= Your assignment =
From the line that contains "Tyr, God of War by Kendal14 on DeviantArt" down to the final line below, please repeat each line exactly and nothing more, with no pictures.

::: Data excerpt

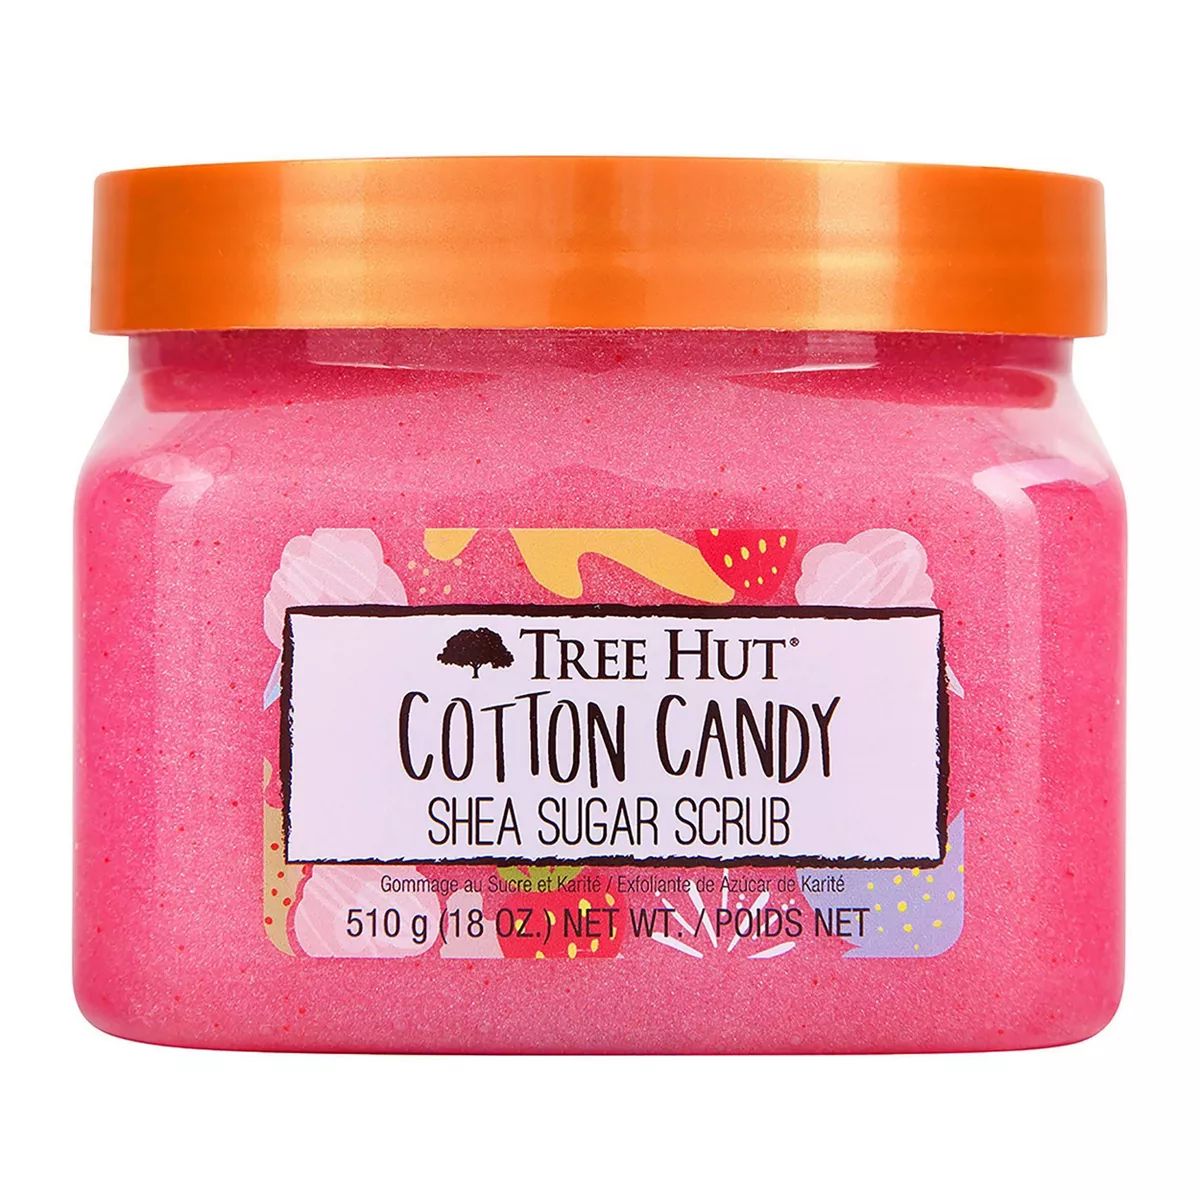 Tree Hut Cotton Candy Shea Sugar Body Scrub - 18 oz | Target
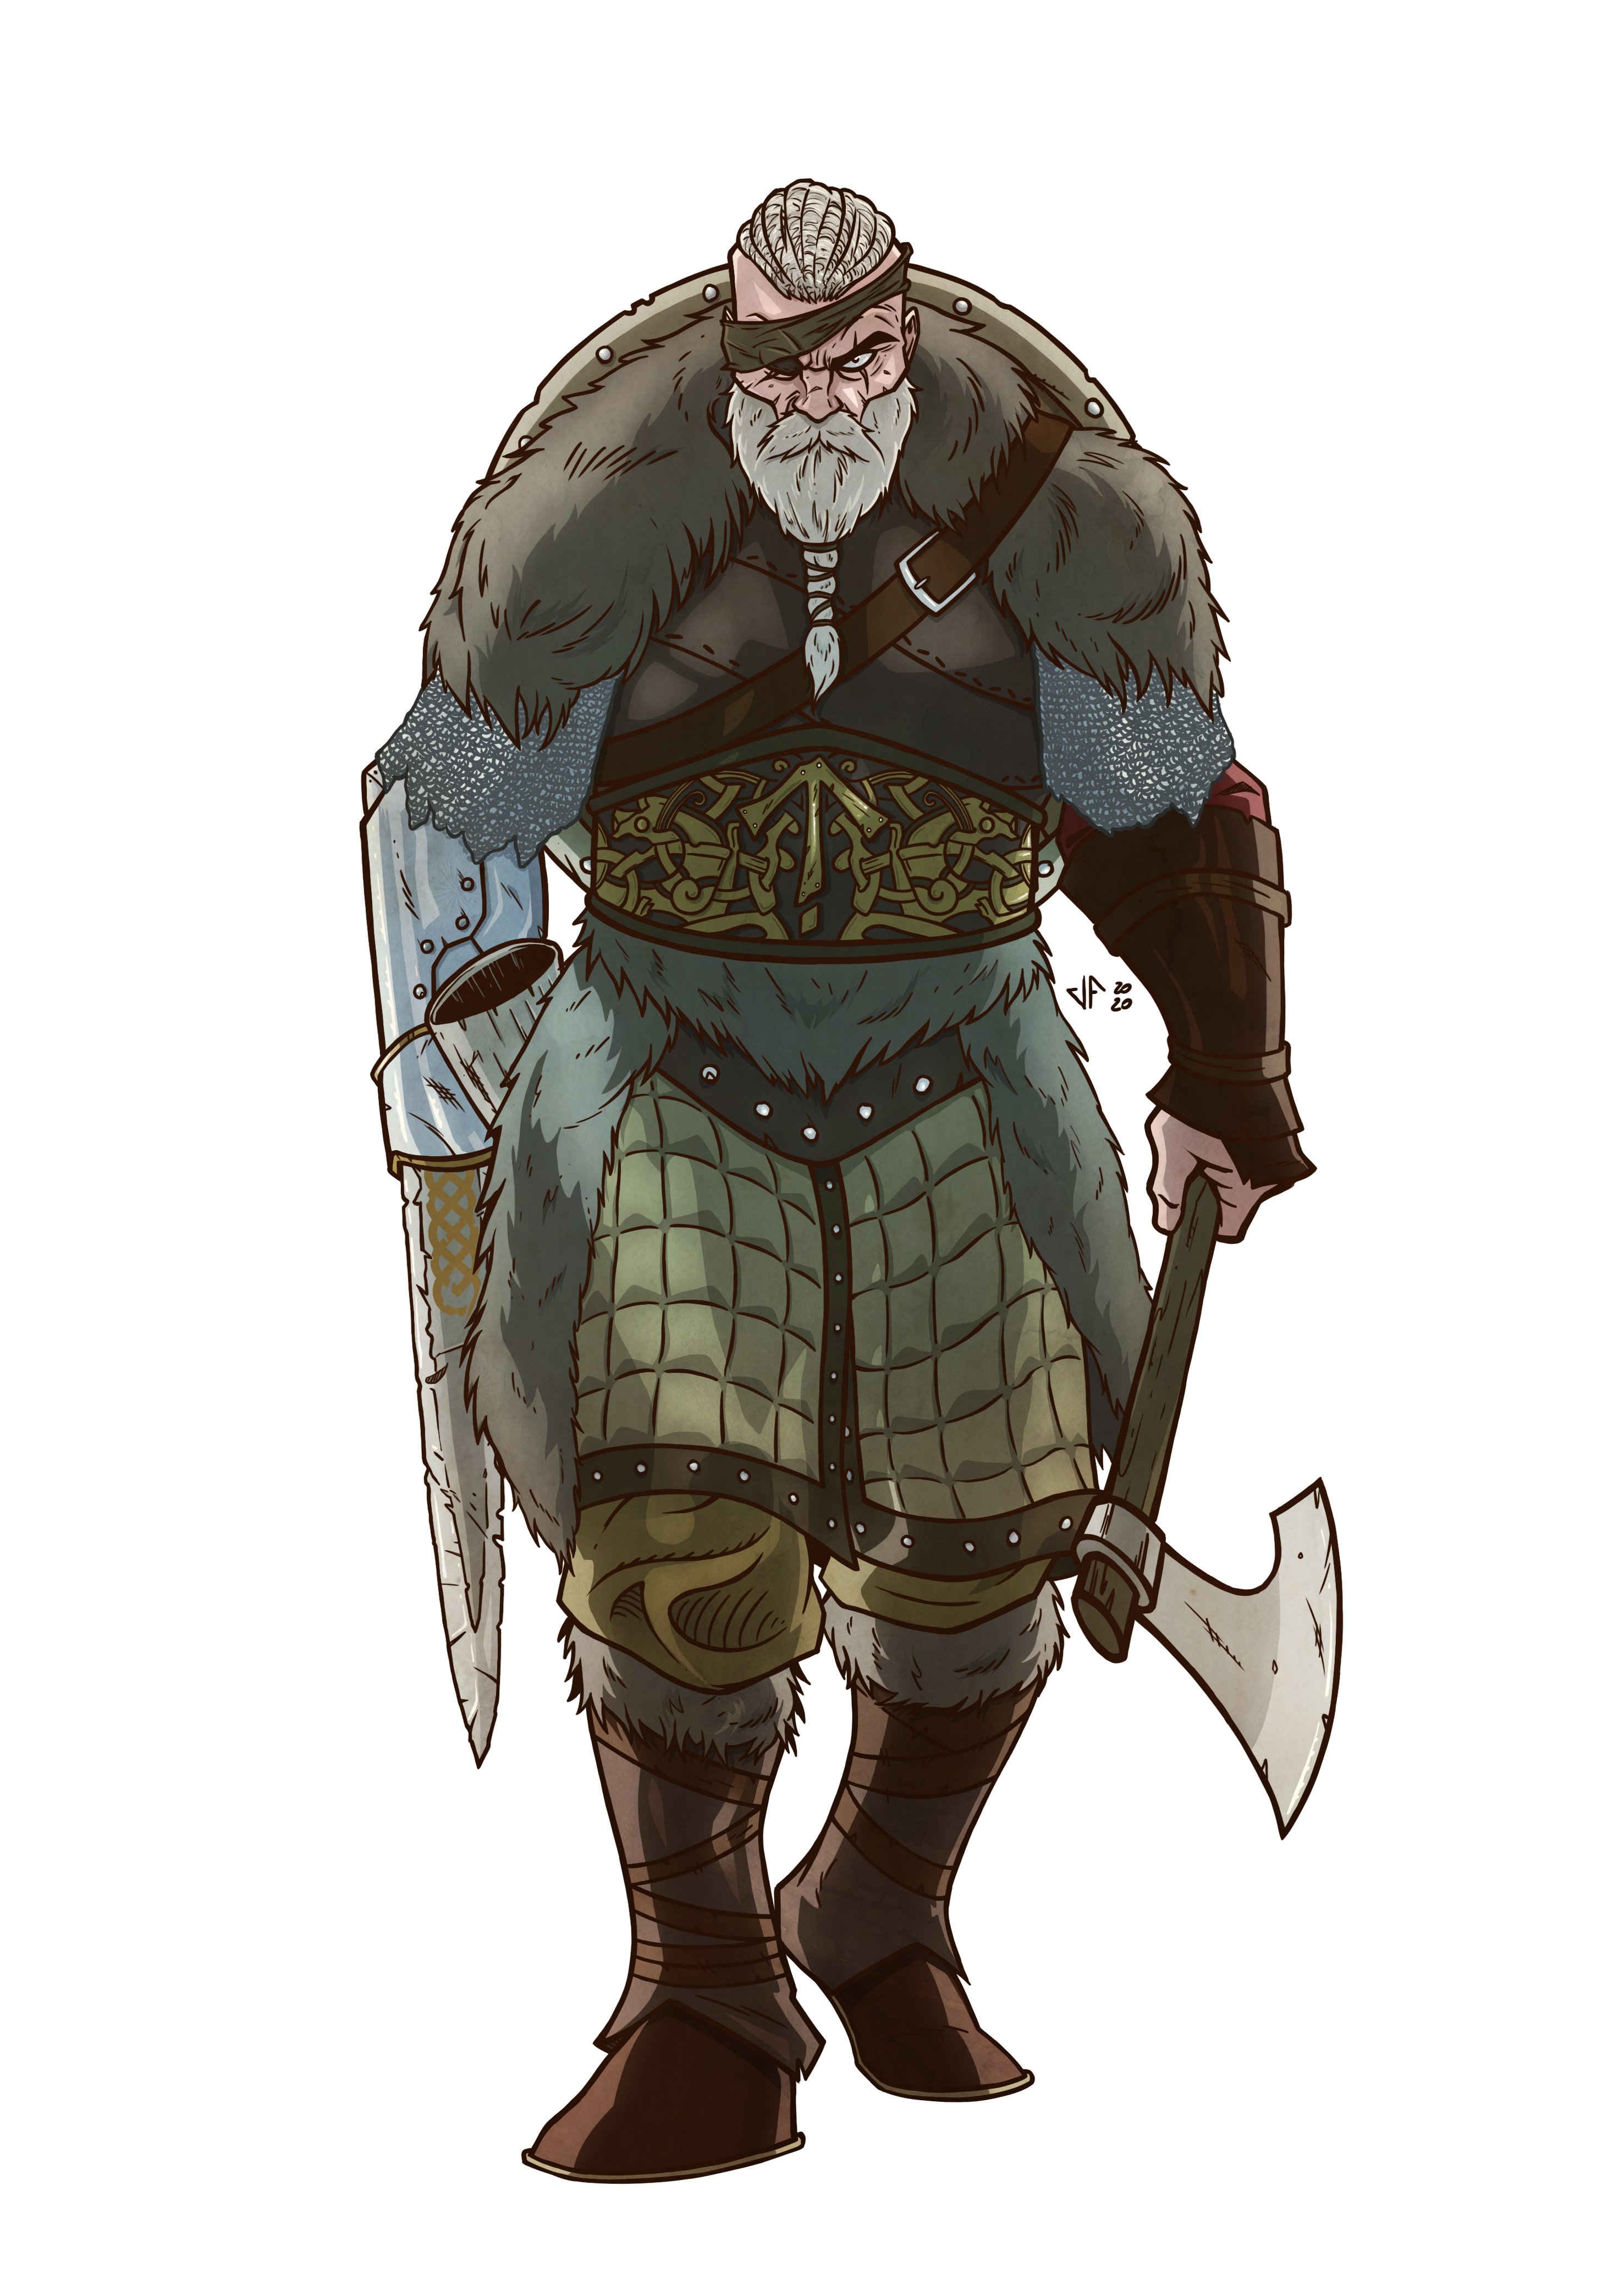 Tyr, God of War by Kendal14 on DeviantArt
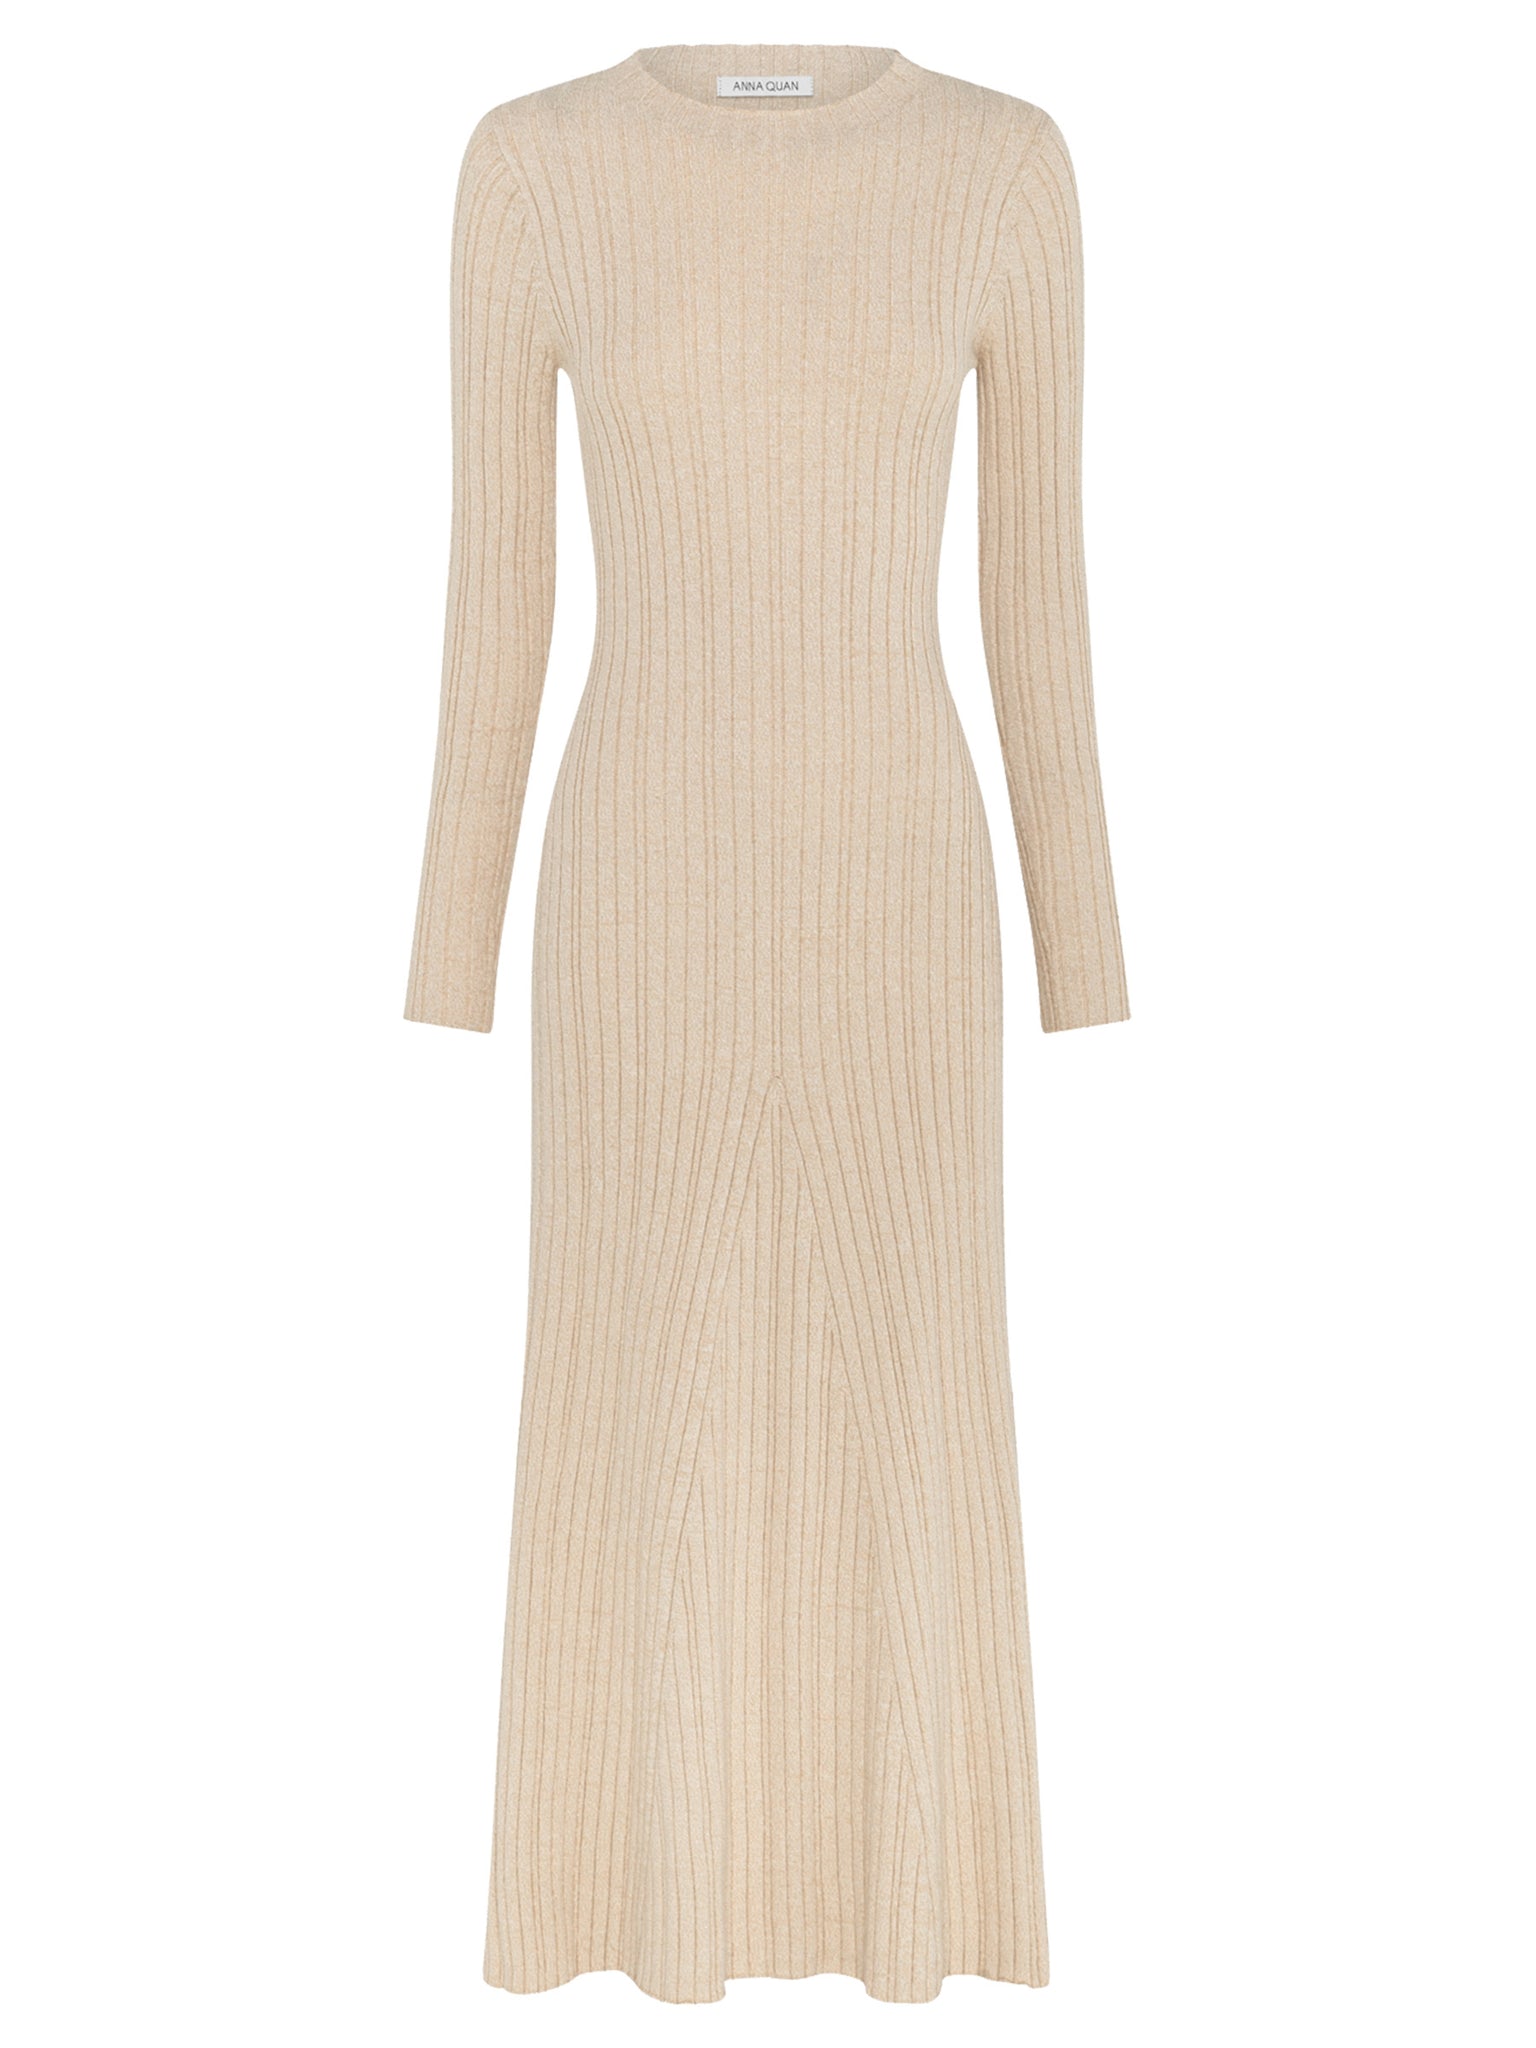 Anna Quan | Ana Long Sleeve Knit Dress in Beige Malt | The UNDONE by ...

::::::

= Answer area =
 Tyr, God of War by Kendal14 on DeviantArt
 Anna Quan | Ana Long Sleeve Knit Dress in Beige Malt | The UNDONE by ...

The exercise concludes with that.